UNITED STATES SECURITIES AND EXCHANGE COMMISSION
                             WASHINGTON, D.C. 20549


                                    FORM 8-K


                                 CURRENT REPORT

                     PURSUANT TO SECTION 13 OR 15(d) OF THE
                         SECURITIES EXCHANGE ACT OF 1934



                DATE OF REPORT (DATE OF EARLIEST EVENT REPORTED)
                          JUNE 5, 2002 (MAY 28, 2002)



                           OMNI ENERGY SERVICES CORP.
             (Exact name of registrant as specified in its charter)



                                                           
          LOUISIANA                       0-23383                    72-1395273
(State or other jurisdiction      (Commission File Number)        (I.R.S. Employer
      of incorporation)                                          Identification No.)



                              4500 NE INTERSTATE 49
                            CARENCRO, LOUISIANA 70520
               (Address of principal executive offices) (Zip Code)

                                 (337) 896-6664
              (Registrant's telephone number, including area code)

                                 NOT APPLICABLE
          (Former name or former address, if changed since last report)






ITEM 5.  OTHER EVENTS.

         On May 28, 2002, the Company received a Nasdaq Staff Determination
indicating that the Company failed to comply with the minimum bid price
requirement for continued listing set forth in Nasdaq Marketplace Rule
4450(a)(5). Therefore, its securities are subject to delisting from the Nasdaq
National Market. The Company has requested a hearing before the Nasdaq Listing
Qualifications Panel to review the Staff Determination. The Company will present
evidence at the hearing to regain compliance with the minimum bid price
requirement, which includes seeking stockholder approval for a reverse stock
split. However, there can be no assurance that the Panel will grant the
Company's request for continued listing. The Company has been advised by Nasdaq
that pending completion of the appeal process, its stock will continue to be
listed on the Nasdaq National Market.


ITEM 7.  FINANCIAL STATEMENTS AND EXHIBITS

(c)      Exhibits

         99.1     Press Release dated June 3, 2002.

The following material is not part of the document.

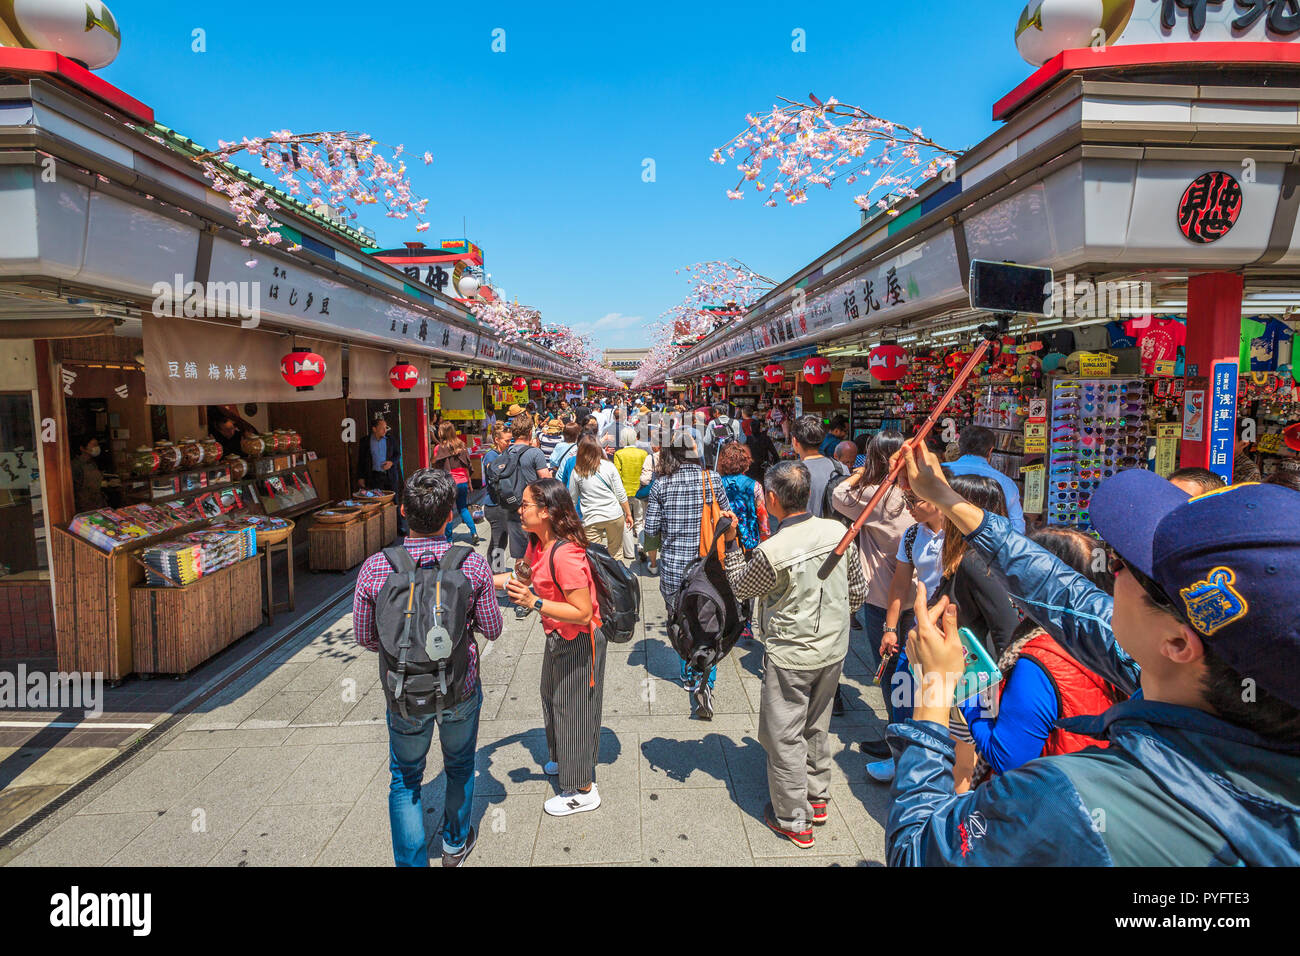 Tokyo, Japan - April 19, 2017: crowd of people in spring sakura on Nakamise Dori, street with food and souvenirs shops, connetting the Kaminarimon Gate at the entrance of Senso-ji Buddhist Temple. Stock Photo

                                   SIGNATURES

         Pursuant to the requirements of the Securities Exchange Act of 1934,
the registrant has duly caused this report to be signed on its behalf by the
undersigned hereunto duly authorized.


                                           OMNI ENERGY SERVICES CORP.

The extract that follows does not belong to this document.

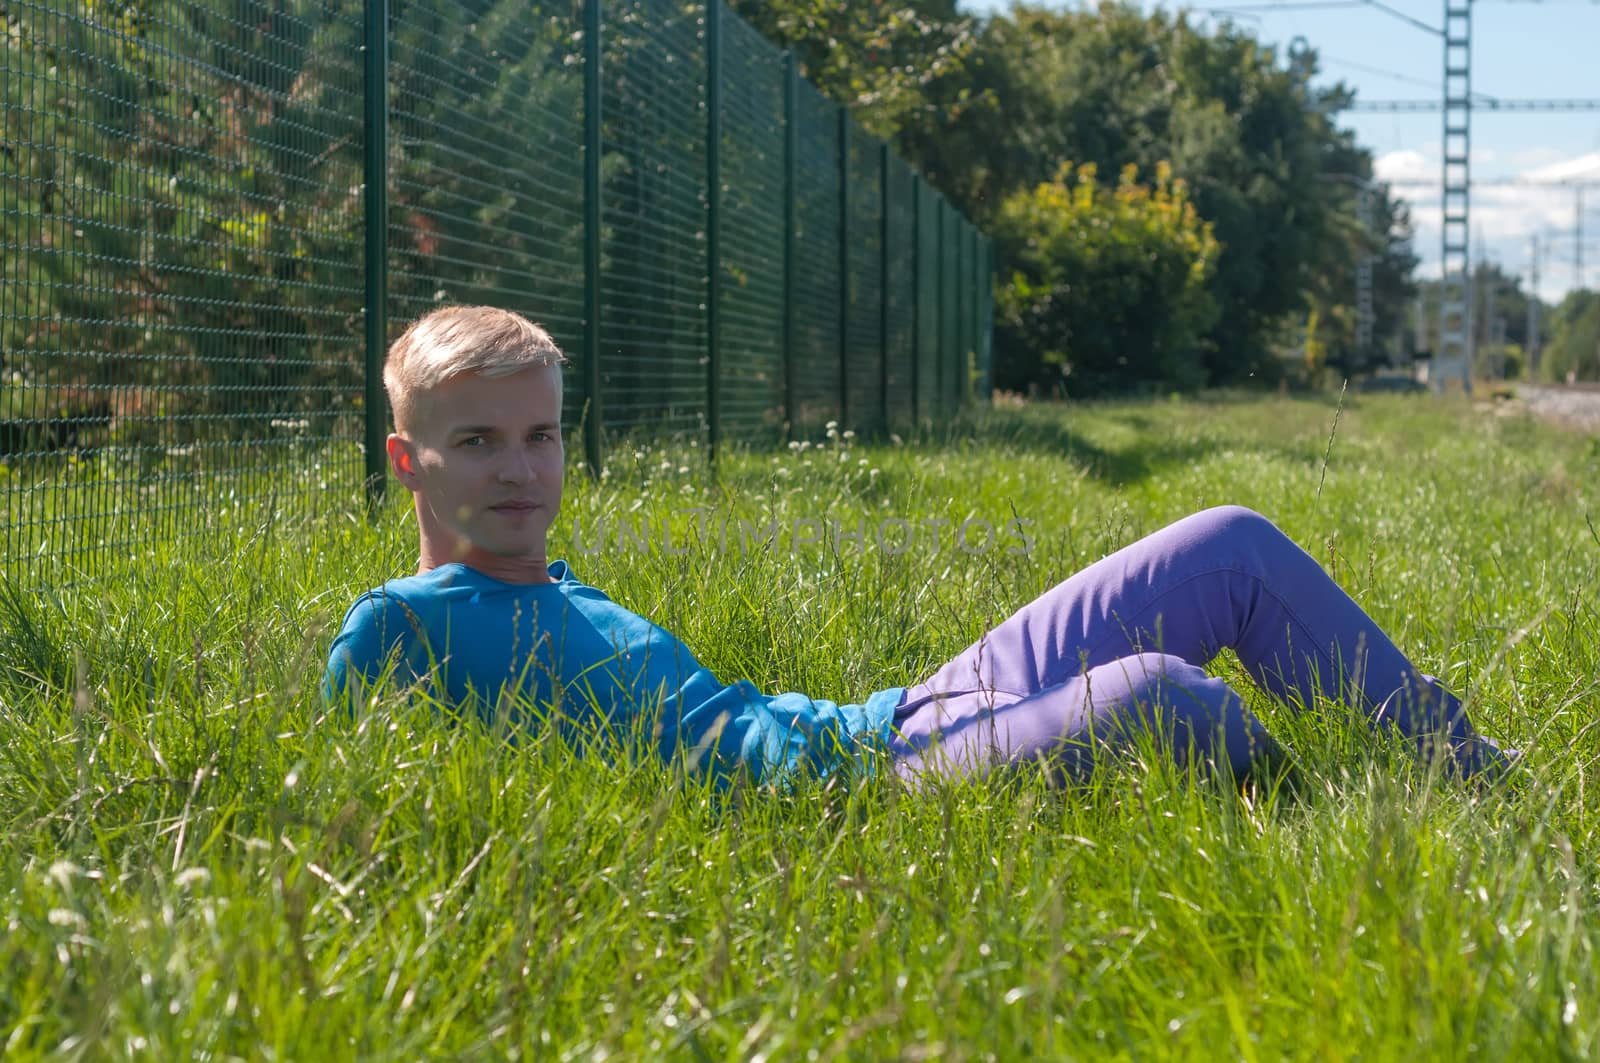 Young an in blue t-shirt lying in a grass

                                           By: /s/ Burton T. Zaunbrecher
                                              ----------------------------------
                                               Burton T. Zaunbrecher
                                               Chief Operating Officer

Date:  June 5, 2002
     -----------------------------------






                                 EXHIBIT INDEX




Exhibit No.                       Description
- -----------                       -----------
                   
   99.1               Press Release dated June 3, 2002.